The ScrewTape Letters by C. S. Lewis: A Commentary, part 4

Literary sources for The Screwtape Letters

        This is part 4 in a series of blog posts that is dedicated to The Screwtape Letters by C. S. Lewis. To see part 1, click here; to see part 2, click here; to see part 3, click here. In part 1 we introduced the Screwtape Letters and provided a brief outline of the book. In part 2 we began an analysis of the literary sources that inspired the Screwtape Letters. The two most obvious literary sources for The Screwtape Letters are (1) the biblical teachings on angels, demons, and sin, and (2) John Milton’s Paradise Lost. In this section on the literary sources of the Letters we are considering, first of all, how these two primary sources have inspired Lewis’s Screwtape Letters, and we will then go on to point out some of the other sources that are referred to (and sometimes quoted) in the Screwtape Letters. In part 2 we considered the biblical inspiration behind the Screwtape Letters, and in part 3 we looked at the influence of Milton's Paradise Lost. Today, in this blog post, we will look at a number of other influences, and references to other literature, that can be seen in the ScrewTape Letters (I would love to look at the influence of Dante's Inferno, but circumstances keep me from pursuing this avenue for the time being. Hopefully circumstances will change in the near future.).

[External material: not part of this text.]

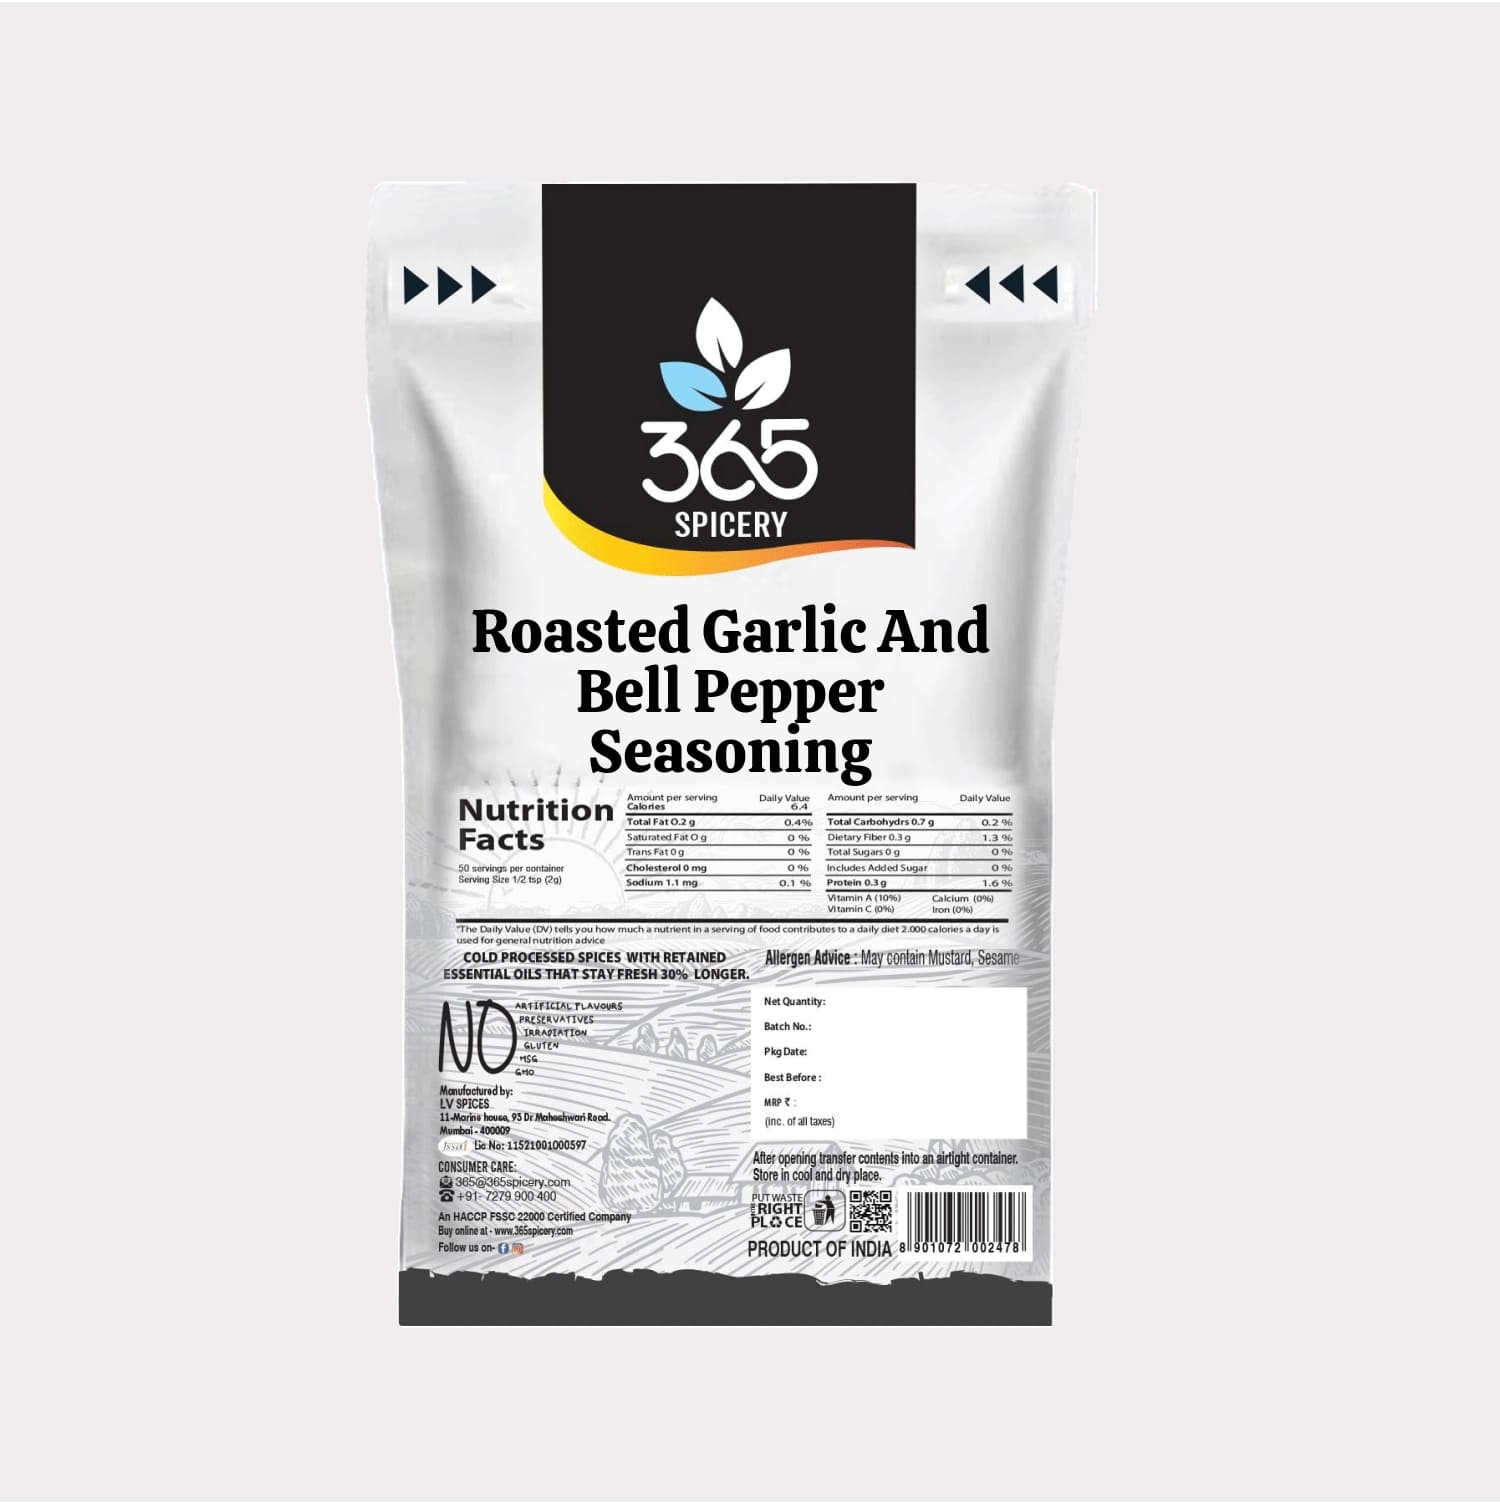 Roasted Garlic And Bell Pepper Seasoning

Other References in the Screwtape Letters

            Lewis was a prolific reader of all kinds of books, and an expert in ancient, medieval, and renaissance literature. It is, I think, wishful thinking to attempt to note every single allusion to an author, reference to an author, or citation of an author, even in this short book. So, in the rest of this section we will just note some of the more obvious references to other authors and literature.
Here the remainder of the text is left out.